Temperature range: No specific information. Nevertheless, the native range is equatorial, indicating a strictly tropical species.
Reproductive habits: No specific information located. Likely a nest builder that provides parental protection to young like other snakeheads.
Feeding habits: No specific information. In considering this species as a game fish, Copley (1952) remarked that it ate frogs and worms, as well as fishes. Probably a thrust predator like other channid fishes.

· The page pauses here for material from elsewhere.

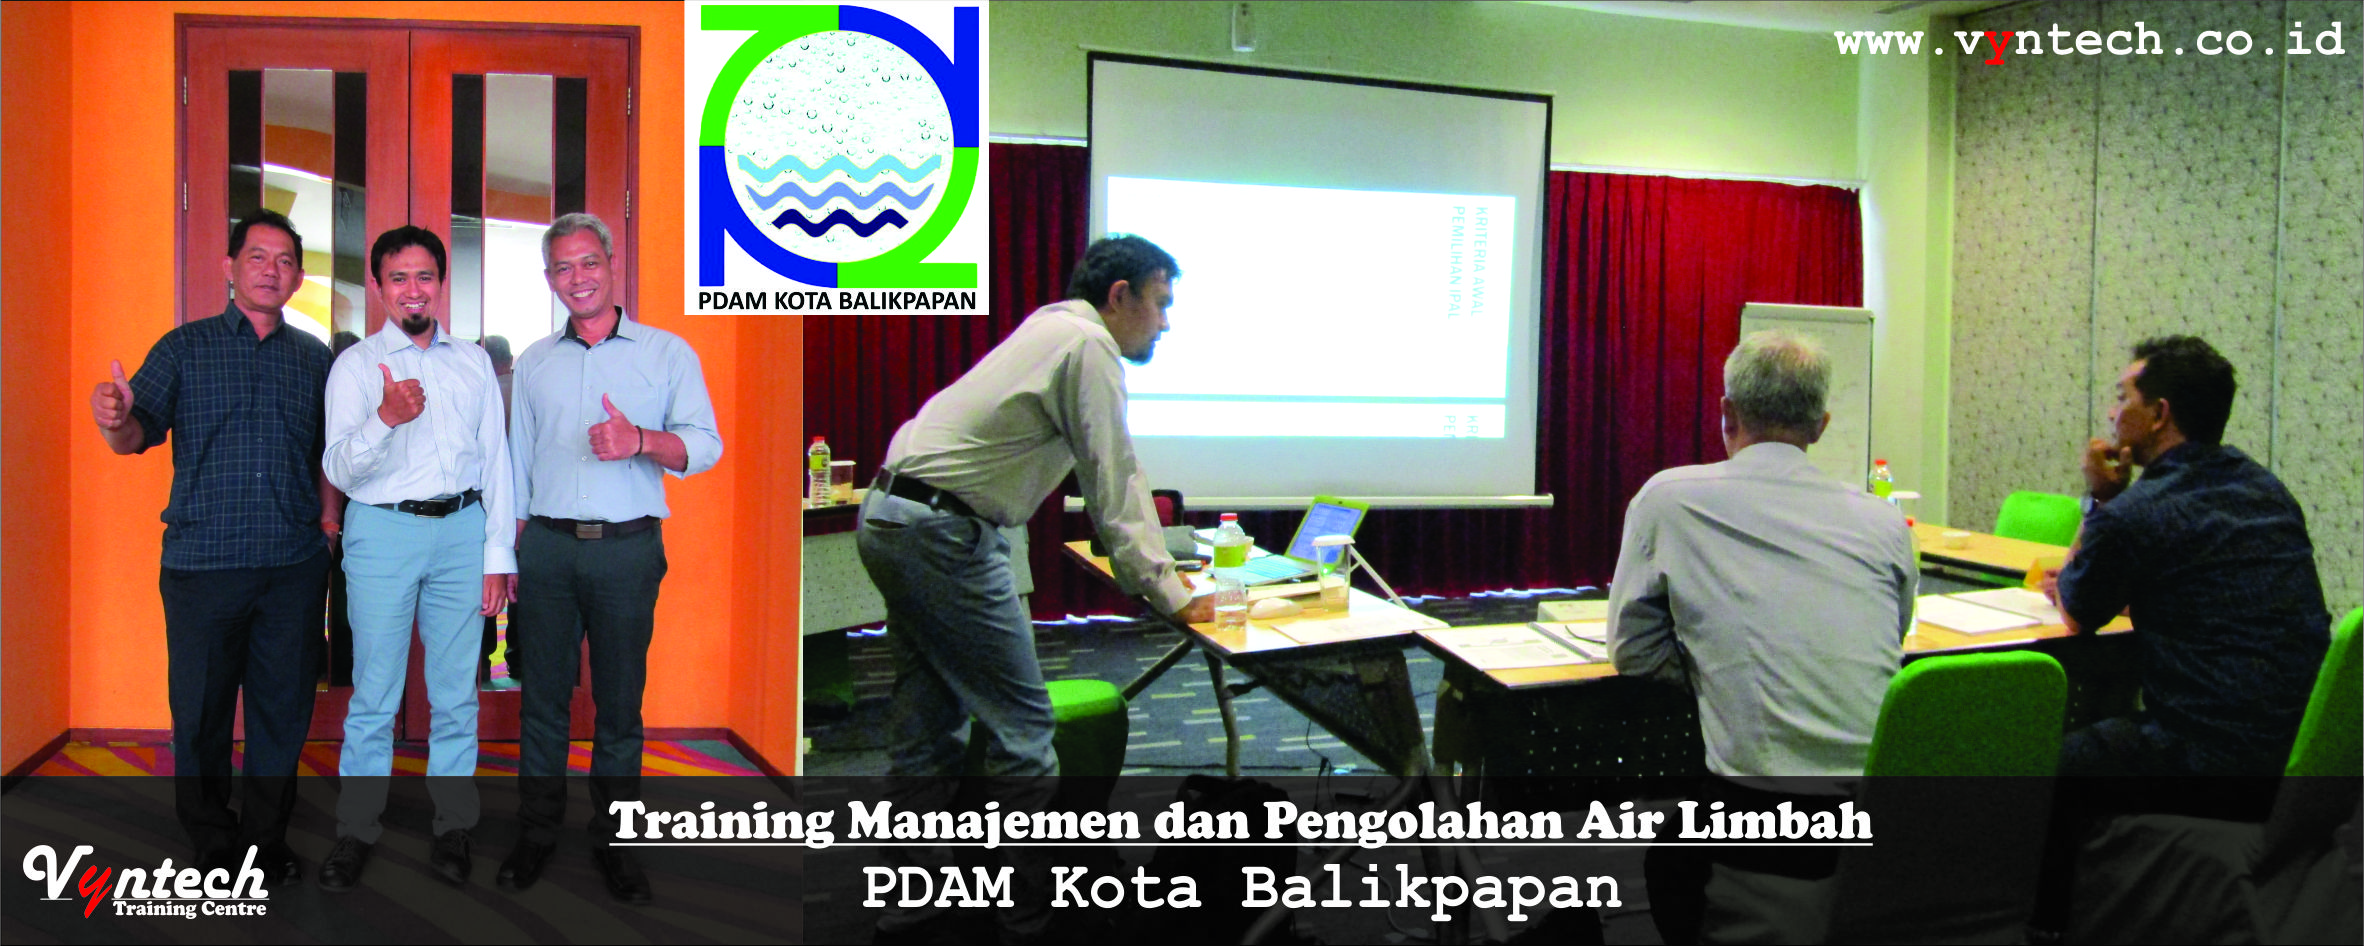 20180410 Training Manajemen dan Pengolahan Air Limbah - PDAM Kota Balikpapan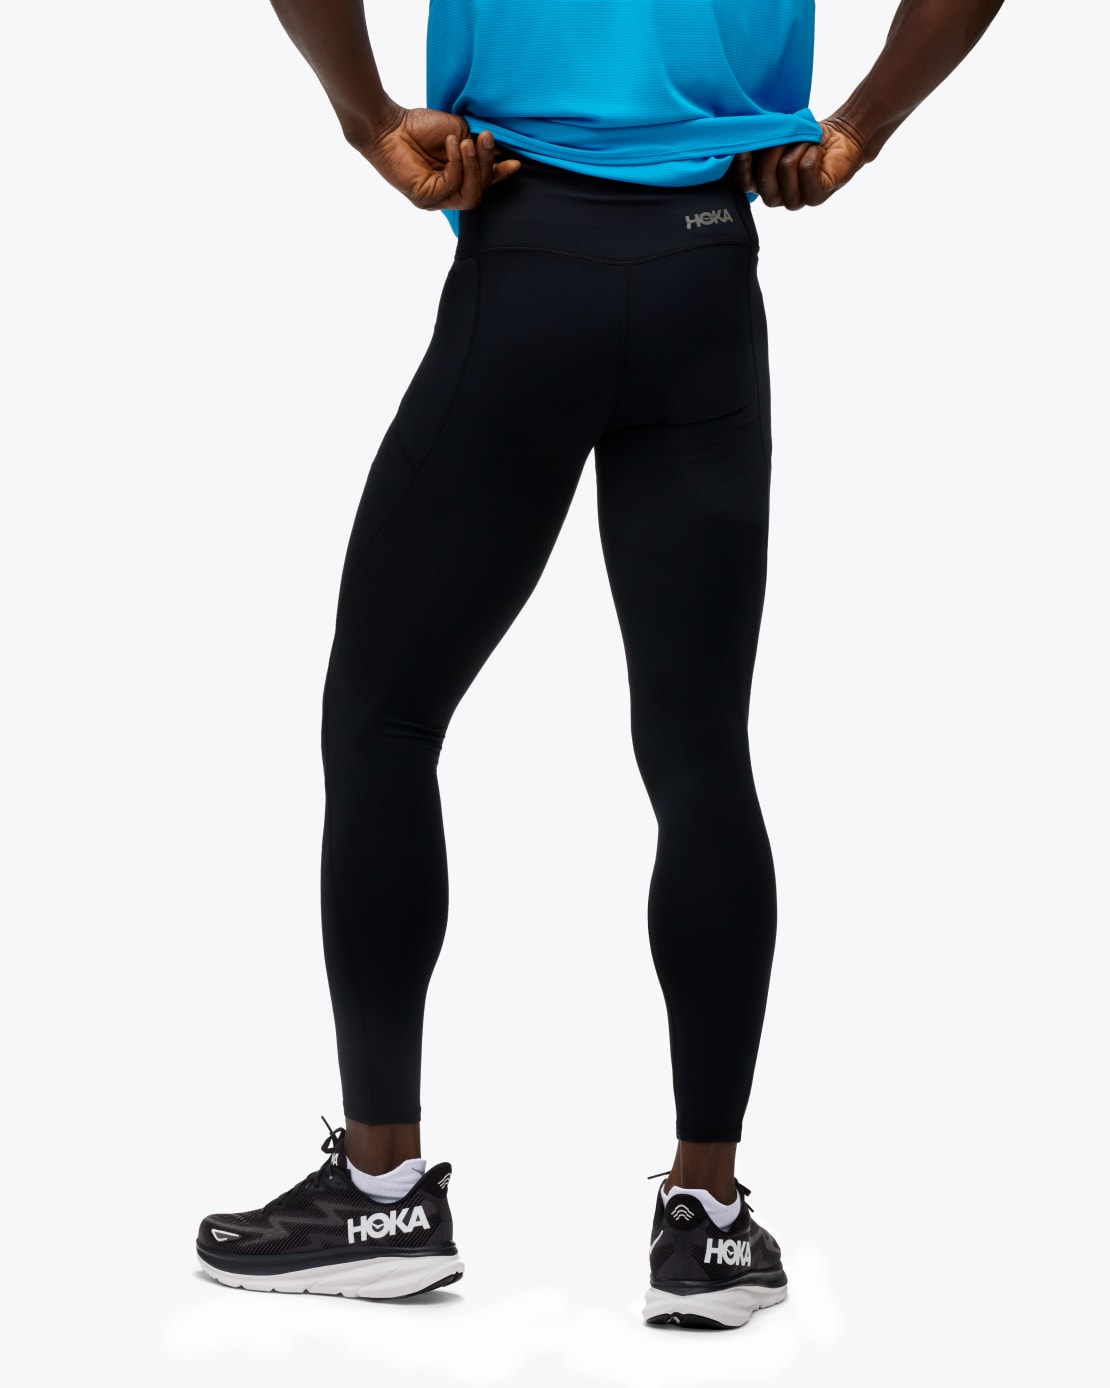 Stability Super Soft Active Legging - Black, Fashion Nova, Nova Sport

Characters: Patch of scales present in gular region. No canines on prevomer or palatines. Transverse scales 19-24; lateral line scales 73-83. Dorsal rays 45-48; anal rays 32-35. Head slightly depressed anteriorly and covered with large scales. Lower jaw slightly longer than upper jaw with 3 to 4 large canine teeth. Coloration distinct among African snakeheads in having a series of forward-pointing chevrons on the side of the body posterior to the pectoral fins that extend upward to the base of the dorsal fin (Bonou and Teugels, 1985).
Commercial importance in the United States: Sometimes listed on aquarist-oriented websites and has been periodically sold through aquarium fish retailers. Unknown in live-food fish markets.
Commercial importance in native range: Unknown, but probably available in live-food fish markets.
Environmental concerns: Likely a thrust predator. Native range is equatorial indicating that if introduced this species would be restricted to tropical/subtropical waters.